It’s not clear yet when — or if — a tipping point will be reached when reshoring catches up to offshoring. But reshoring momentum appears to be building even as the U.S. imports vast quantities of manufactured goods from abroad, data obtained by this newspaper shows.

The Reshoring Initiative, a Chicago-based advocate for returning outsourced jobs to the U.S., compiled a list of 18 companies that returned 3,611 jobs from abroad to Ohio from 2007 through September of this year. Brand name companies include Heinz, General Electric and Whirlpool.

Still, jobs continue to leave through offshoring faster than they are coming back in, information from the U.S. Department of Labor shows. In 2013, 2,982 Ohio workers qualified for federal trade adjustment assistance, a program meant to assist displaced workers.

In other words, the number of jobs lost in one year nearly equaled the number cited by The Reshoring Initiative over nearly seven years. The national toll in 2013 was 104,158 displaced workers, the Labor statistics show.

Alan Tonelson, an independent economist and international trade expert, said the pace of reshoring remains difficult to determine.

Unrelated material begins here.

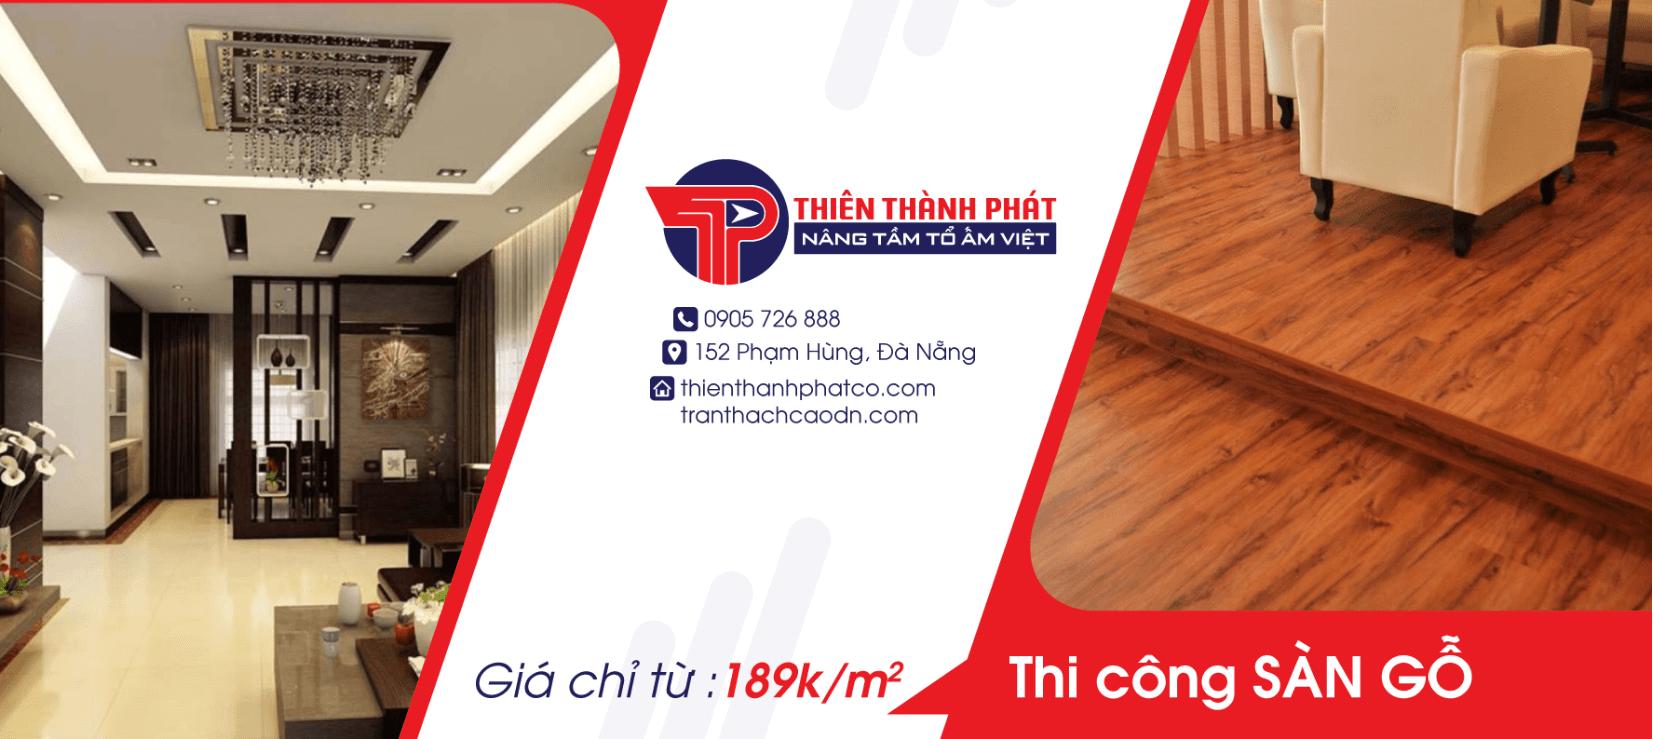 Thi công sàn gỗ giá từ 189k/m2

“What we don’t know about reshoring on a company-by-company level dwarfs what we know,” he said. “Companies don’t always announce what they do. It’s reasonable to suppose these days companies are more anxious to announce reshoring moves than offshoring.”

A more reliable measure is manufacturing as a percentage of national Gross Domestic Product. That figure has hovered around 12 percent for years, Tonelson said. “More fundamentally, we need more manufacturing production,” he said.

Meanwhile, the Miami Valley has chalked up a handful of successes. The highest-profile one is Whirlpool’s announcement earlier this year that it would move KitchenAid mixer manufacturing to Greenville from China, adding 400 jobs to its operation.

The move garnered as much statewide attention as Ford Motor Co.’s announcement, also this year, that it would invest $168 million in an Avon Lake factory to move production of commercial F-650 and F-750 pickup trucks from a plant in Mexico. That move wasn’t expected to create jobs, although it would maintain 1,600 jobs already at the plant.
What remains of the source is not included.